Gut-microbiota-targeted diets modulate human immune status

Hannah C Wastyk, Gabriela K Fragiadakis, Dalia Perelman, Dylan Dahan, Bryan D Merrill, Feiqiao B Yu, Madeline Topf, Carlos G Gonzalez, William Van Treuren, Shuo Han, Jennifer L Robinson, Joshua E Elias, Erica D Sonnenburg, Christopher D Gardner, Justin L Sonnenburg, Hannah C Wastyk, Gabriela K Fragiadakis, Dalia Perelman, Dylan Dahan, Bryan D Merrill, Feiqiao B Yu, Madeline Topf, Carlos G Gonzalez, William Van Treuren, Shuo Han, Jennifer L Robinson, Joshua E Elias, Erica D Sonnenburg, Christopher D Gardner, Justin L Sonnenburg

Abstract

Diet modulates the gut microbiome, which in turn can impact the immune system. Here, we determined how two microbiota-targeted dietary interventions, plant-based fiber and fermented foods, influence the human microbiome and immune system in healthy adults. Using a 17-week randomized, prospective study (n = 18/arm) combined with -omics measurements of microbiome and host, including extensive immune profiling, we found diet-specific effects. The high-fiber diet increased microbiome-encoded glycan-degrading carbohydrate active enzymes (CAZymes) despite stable microbial community diversity. Although cytokine response score (primary outcome) was unchanged, three distinct immunological trajectories in high-fiber consumers corresponded to baseline microbiota diversity. Alternatively, the high-fermented-food diet steadily increased microbiota diversity and decreased inflammatory markers. The data highlight how coupling dietary interventions to deep and longitudinal immune and microbiome profiling can provide individualized and population-wide insight. Fermented foods may be valuable in countering the decreased microbiome diversity and increased inflammation pervasive in industrialized society.

Trial registration: ClinicalTrials.gov NCT03275662.

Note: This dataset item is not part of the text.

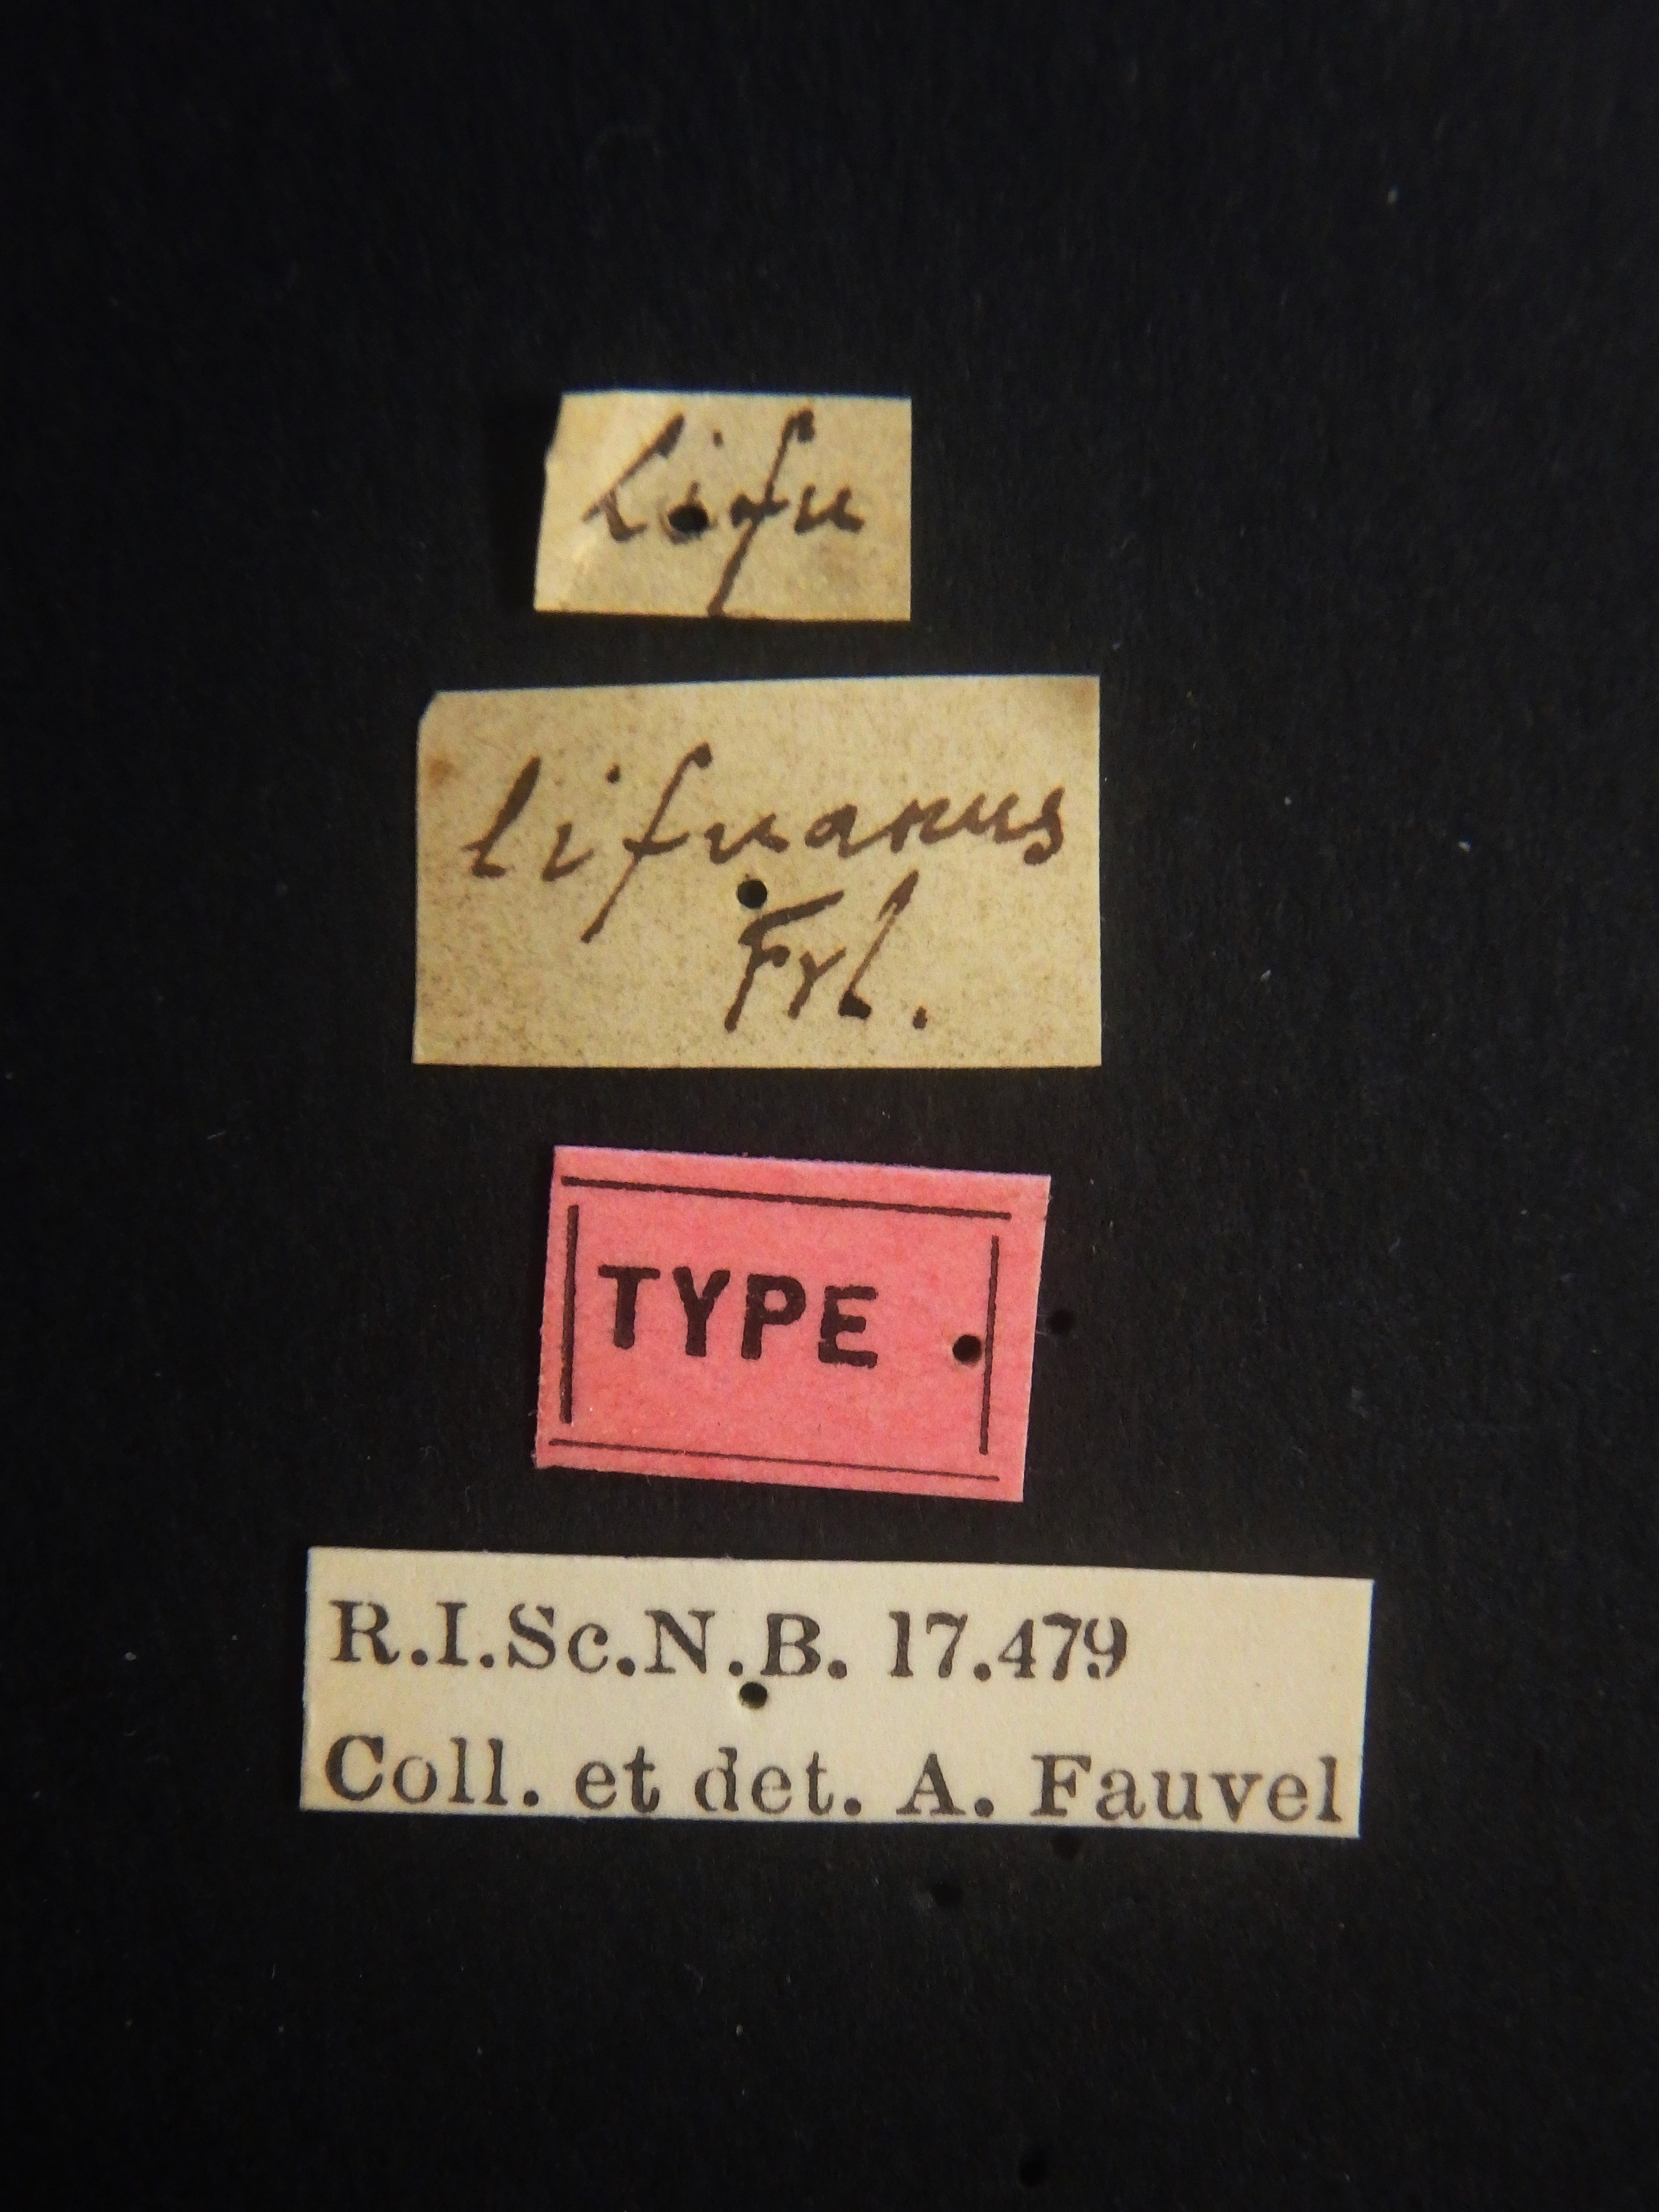 Hesperus lifuanus t Labels.JPG

Keywords: CAZymes; CyTOF; fermented food; fiber diet; immune system; immune system profiling; inflammation; microbiome; nutrition; proteomics.

Conflict of interest statement

Declaration of interests H.C.W. is a founder and shareholder of Interface Biosciences. W.V.T. is a founder and shareholder of Interface Biosciences. J.L.S. is a founder, shareholder, and on the scientific advisory board of January AI and Novome Biotechnologies.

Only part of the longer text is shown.